| 2.2 | gr. | chromic acid |
| 2. | potash | |
| .8 | uncomb. potash | |
| 1.4 | carb. potash | |
| .3 | sulphate of potash | |
| 6.7 |
With this liquid neutralized by nitric acid, I formed the chromates of lead, barytes, iron, and mercury; and I am inclined to believe these salts are nearly constituted as under:
| Neutral | chromate | of potash | 46 | acid | + | 42 | potash |
| — | — | of barytes | 46 | — | + | 68 | barytes |
| — | — | of lead | 46 | — | + | 97 | oxide |
| — | — | of iron | 46 | — | + | 32 | oxide (black) |
| — | — | of mercury | 46 | — | + | 174 | oxide (black) |
According to these results, the atom of chromic acid weighs 46; it is made 44 by the results of Berzelius, and from 45 to 62 by those of Vauquelin; I would not be understood to place great confidence in the above results of mine, though I am persuaded they will be found good approximations.
Is the chromic acid the deutoxide, or the tritoxide of chromium?
The determination will evidently be affected by the question, how much oxygen must be abstracted from the chromic acid to reduce it to the green oxide. Vauquelin finds 46 acid to lose 6½ oxygen, and Berzelius 10½, when converted into green oxide by heat. From the former of these, one would infer chrome to be 32, the green or protoxide of chrome to be 39, and the acid or deutoxide 46: from the latter, chrome = 25, protoxide = 32 (unknown), the green oxide = 1 protoxide and 1 deutoxide united [= 71 = 50 chrome + 21 oxygen = (25 chrome + 10½ oxygen) × 2 = 35½ × 2] the deutoxide = 39, and the tritoxide or chromic acid = 46. I have not had an opportunity to perform any experiment that appears to me decisive as to the accuracy of one or other of these views; but shall make a few remarks relative to them.

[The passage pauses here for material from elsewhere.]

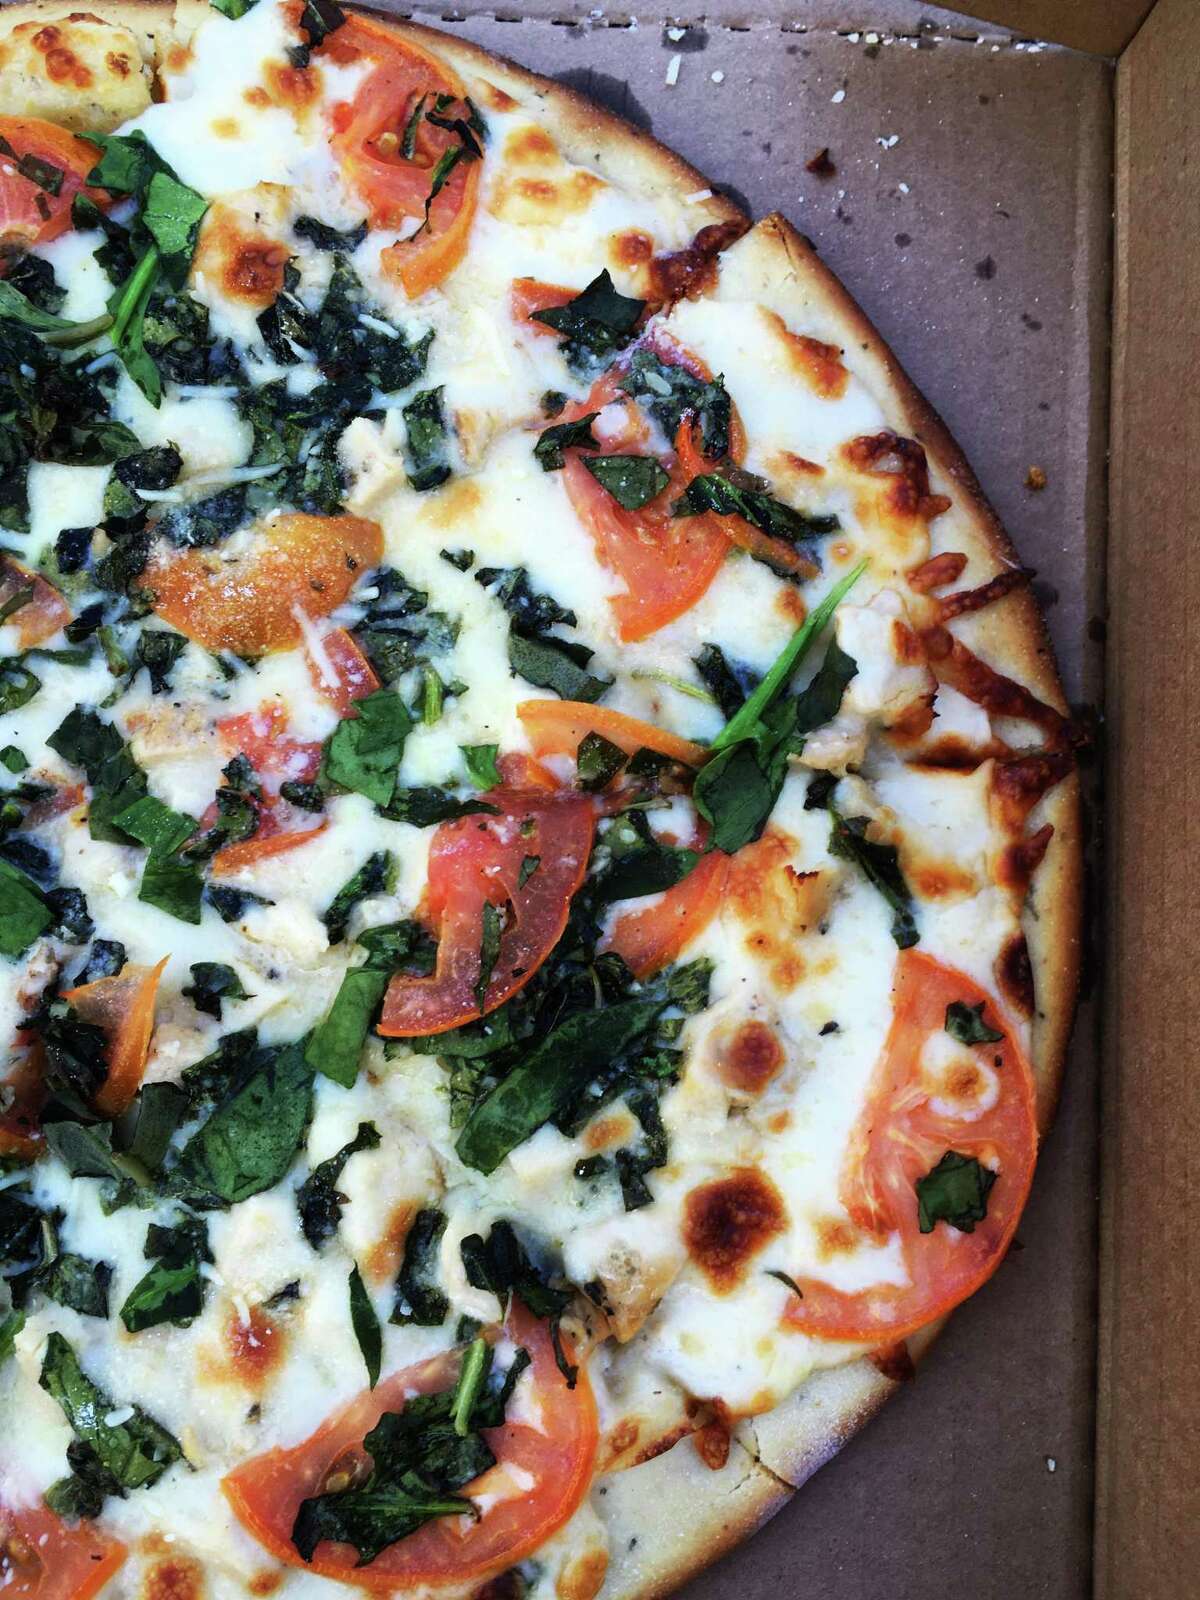 The chicken alfredo pizza with spinach is one of many specialty pizzas available at Hungry Chameleon Pizzeria.

The green oxide being the most prominent compound next to the chromic acid, being commonly produced from it by any deoxidizing process, being the lowest oxide known, and combining with acids, is on these accounts entitled to the consideration of the protoxide; indeed there does not seem an instance where the protoxide of a metal is unknown, whilst the deutoxide and compound oxides are known. There is however, another oxide observed by Vauquelin and by Berzelius, which is obtained by heating the nitrate, or combination of nitric acid and the green oxide, to dryness and expelling the acid; this oxide is brown, and gives oxymuriatic acid when treated with muriatic acid; on this account it would seem to be intermediate between the green oxide and the chromic acid; it is probably a combination of the two, or the chromate of chromium. On the other view however, it must be considered as the deutoxide. What corroborates the notion of the green oxide being 39, is the fact which I have observed, of 46 parts of chromic acid combining with 64 of the green oxide of iron to form 110 of chromate of iron; in this combination the oxide of iron may be said to borrow 1 atom of oxygen from the chromic acid, and the compound may then be considered as the union of the green oxide of chrome, and the red oxide of iron. When this precipitate is subjected to the action of muriatic acid, a green solution is obtained containing the oxide of chrome, and red oxide of iron is precipitated, as Vauquelin has observed. To form the above chromate (or rather subchromate) of iron, let a given portion of neutral chromate of potash be treated with green sulphate of iron, and lime water be added, sufficient to saturate the sulphuric acid, a brown red precipitate is obtained; more sulphate and lime water must be gradually added to the clear liquid till the precipitate become green, when the proportions will be found as above stated. This artificial compound seems a subchromate; whereas the native compound seems to be a chromate. That there is some uncertainty in decomposing a chromate by heat with a view to obtain the green oxide, I have reason to suspect from having decomposed 5⅓ grains of chromate of mercury by a moderate red heat; this compound contained 1.1 chromic acid, and it yielded only .6 of green oxide, whereas it should have been .9 or .8 at least.
Upon the whole I think the evidence is in favour of the opinion that the atom of chrome is 32, the green or protoxide 39, and the deutoxide or chromic acid is 46.
24. Oxides of uranium.
There appear to be two oxides of uranium from the experiments of Klaproth, Bucholz, and Vauquelin; but the proportions of metal and oxygen have not been very nearly ascertained, from the great scarcity of the minerals containing this metal. (Vid. Bucholz, An. de Chimie, 56—142. Vauquelin, ibid. 68—277; or Nicholson’s Journ. 25—69). The oxides are obtained by precipitation from solutions of the minerals in the nitric or muriatic acid, the foreign substances being first separated.